Six Tips for Developers
- Use vLLM-Ascend, not raw CANN — The community fork of vLLM with Ascend backend handles most of the optimization work for you
- Enable Flash Attention — The Ascend implementation (
--enable-flash-attn) gives 1.5-2x speedup on longer sequences - Watch your batch size — Memory bandwidth is the bottleneck; small batches (1-4) give the best latency/throughput trade-off
- Use BF16, not INT8 — While INT8 is faster, the quality degradation on Ascend is more noticeable than on CUDA due to different quantization calibration
- Update CANN regularly — Each release brings significant performance improvements. 7.0.0 was good; 8.0.0+ is noticeably better
- Join the community — The Ascend AI community on GitHub and Chinese developer forums is active and helpful
The Bigger Picture
DeepSeek V4 on Ascend is more than just another deployment option.
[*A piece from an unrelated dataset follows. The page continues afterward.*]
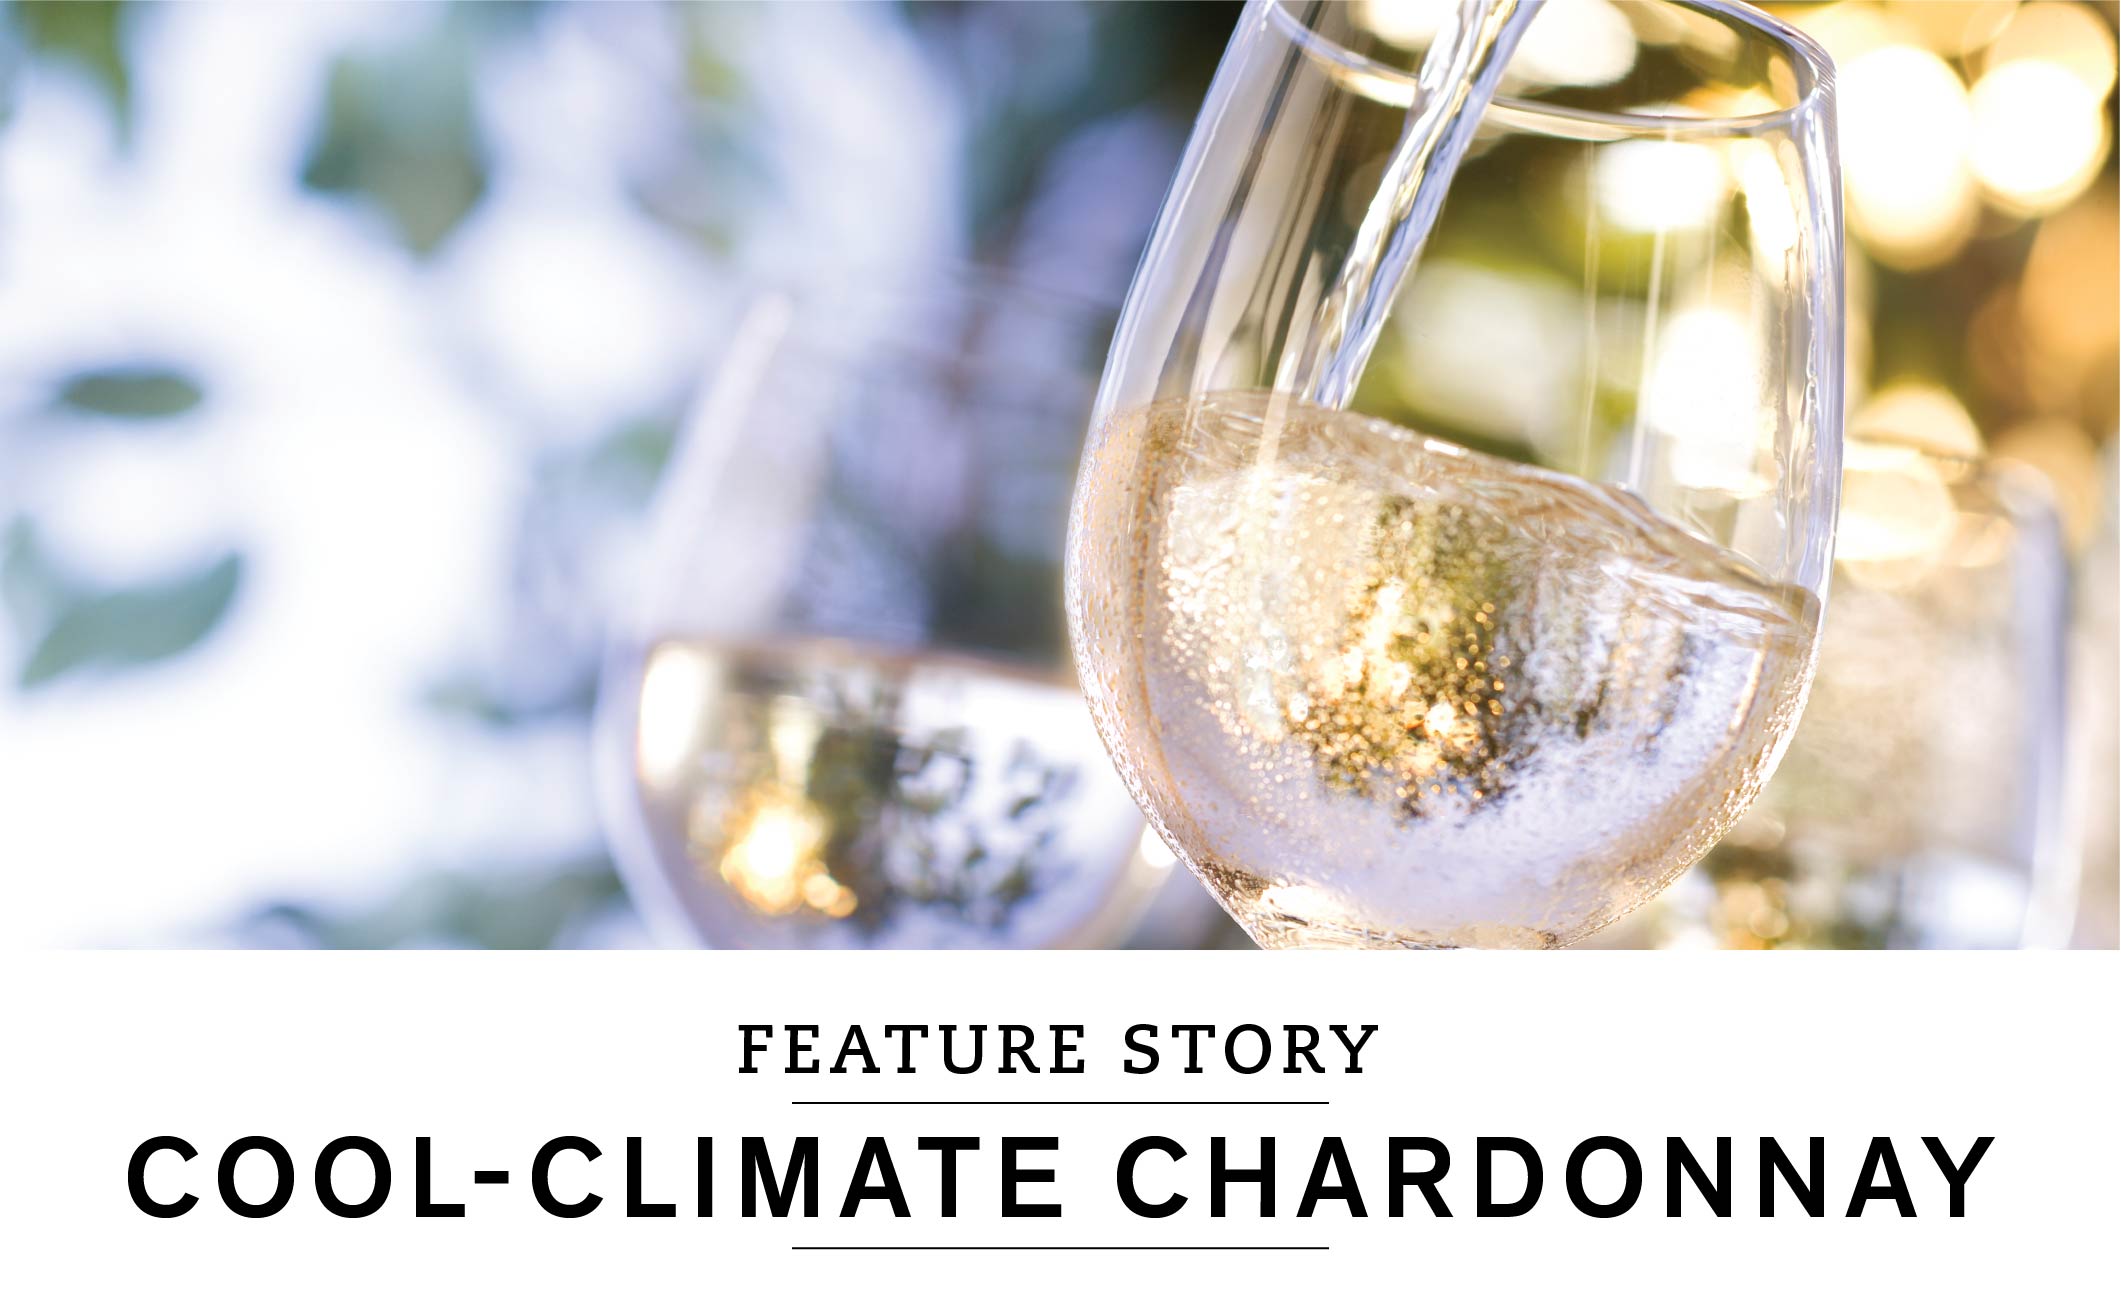 FEATURE STORY: COOL-CLIMATE CHARDONNAY

It represents a decoupling moment — when AI model development and AI hardware ecosystem development can proceed independently. For Chinese developers, this means access to frontier AI without geopolitical constraints. For the global community, it means a more diverse and resilient hardware ecosystem.
The gap with CUDA isn’t closed yet. But it’s narrowing, and the rate of improvement is accelerating.